Hi. I was pleased to find this uplifting community as I could really use a group of friends now. As you read my story it will probably sound confusing and full of contradictions, but that is exactly what I am feeling. I am 5 and a half weeks pregnant, and was not expecting the news. I have a 2 young school-aged children. As a young woman, I always thought I wanted a big family....but after many miscarriages, we were 'done' and had moved on. One would expect that someone like this would be thrilled and overjoyed to find out she was pregnant again. But, all I feel is panic. Shouldn't an expectant mother be joyful? I feel like I could cry at the drop of a hat, all the time. I feel so much fear, probably much of the emotional pain of the miscarriages are being brought up again. Sometimes it is pure panic. I don't want to go through this again. Also, after being a mother to 2, a third sounds like a very full plate. I'm not sure how I feel about going back to doing the infant stuff again. I'm also very scared about the risks at my age.

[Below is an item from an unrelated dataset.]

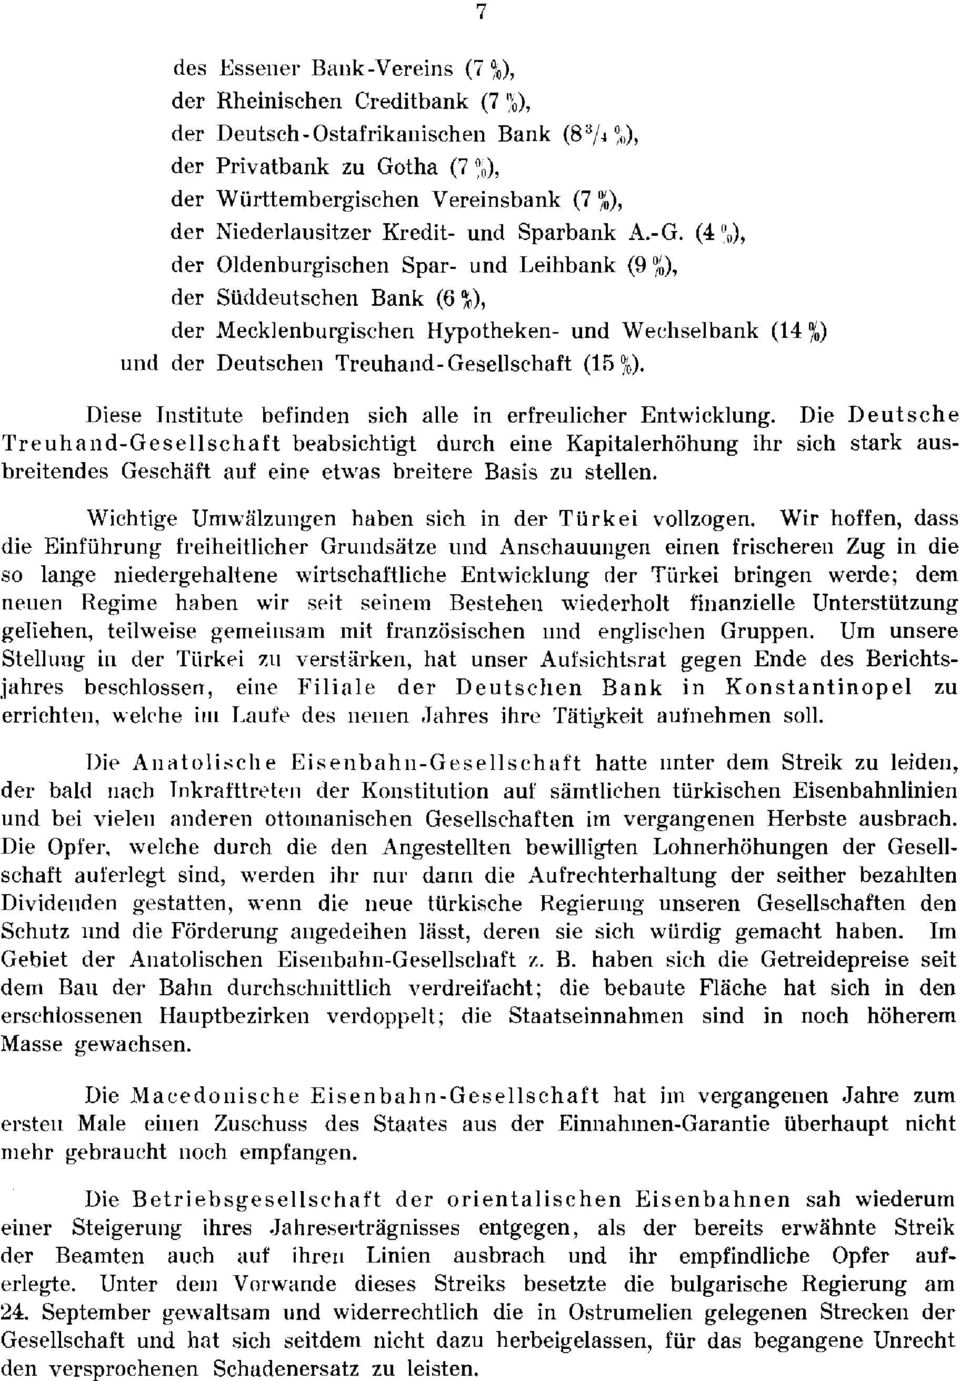 (4 " ), der Oldenburgischen Spar- und Leihbank (9 io), der Sü(1deutschen Bank (6 %), der Mecklenburgischen Hypotheken- und Wecliselbank (14 0/,) uiid der Deutscheii Treuhand-Gesellschaft (16 Ob).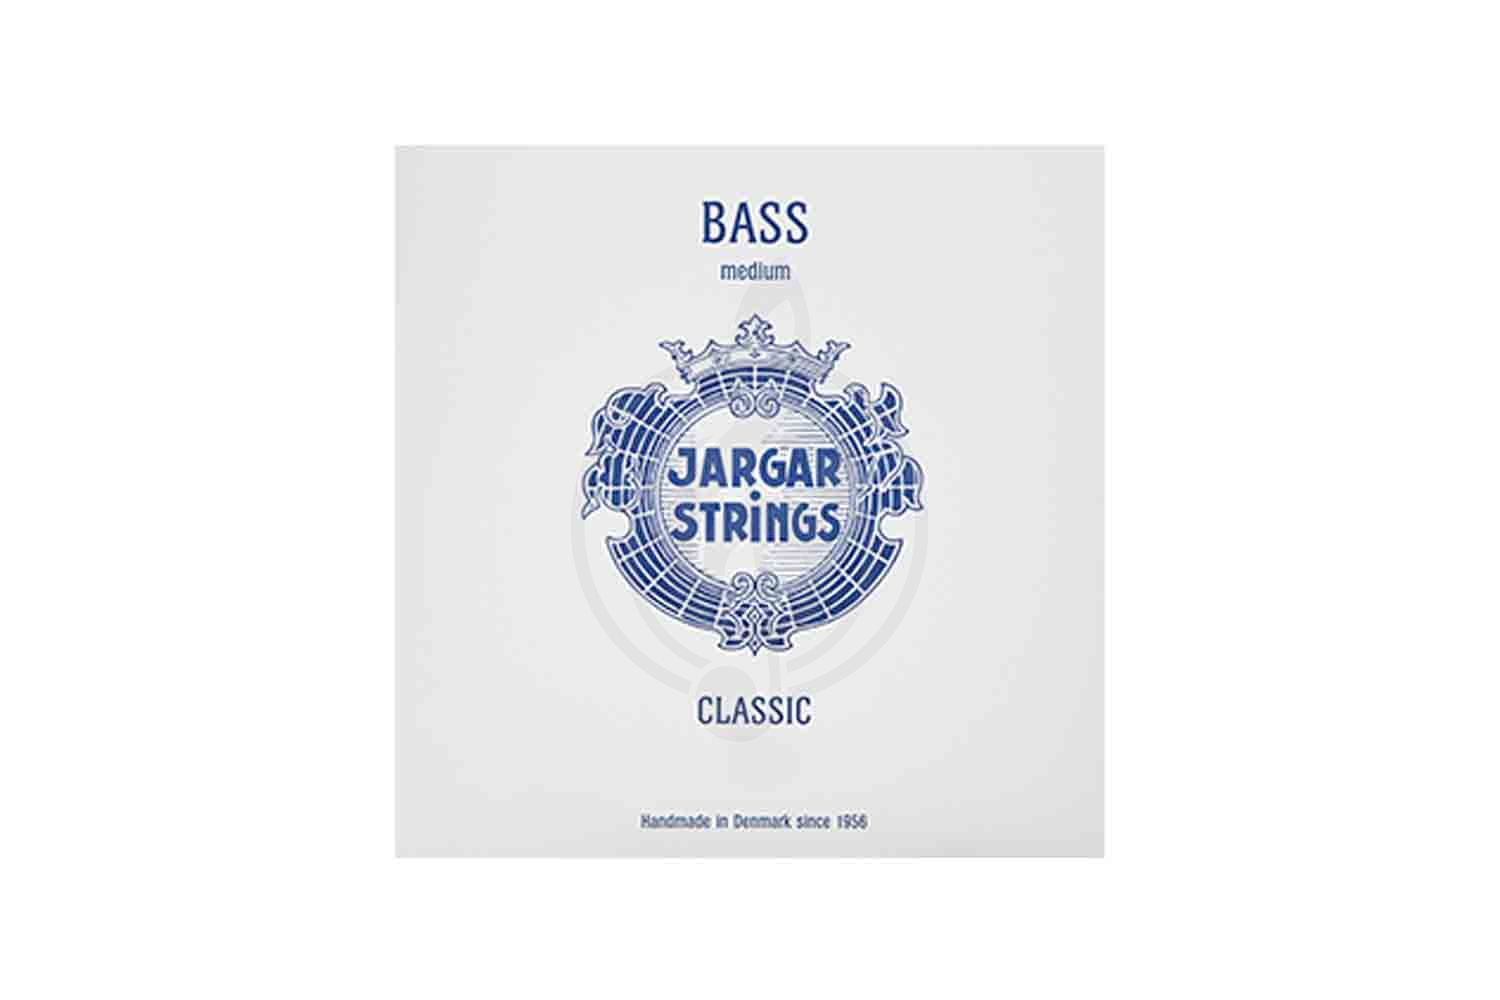 Струны для контрабаса Jargar Strings Bass-A Classic - Отдельная струна А/Ля для контрабаса размером 4/4, среднее натяжение, Jargar Strings Bass-A в магазине DominantaMusic - фото 1

Has anyone else felt this way? I am further fearful that I will never become excited about this pregnancy. Has anyone else experienced disbelief, fear initially that eventually became love and excitement?
I do not have any friends with infants and I do not feel I will have much social support. I'm sure this contributes to my emotional state.
Reading your posts and seeing the pictures of your beautiful babies has made me smile. Thank you.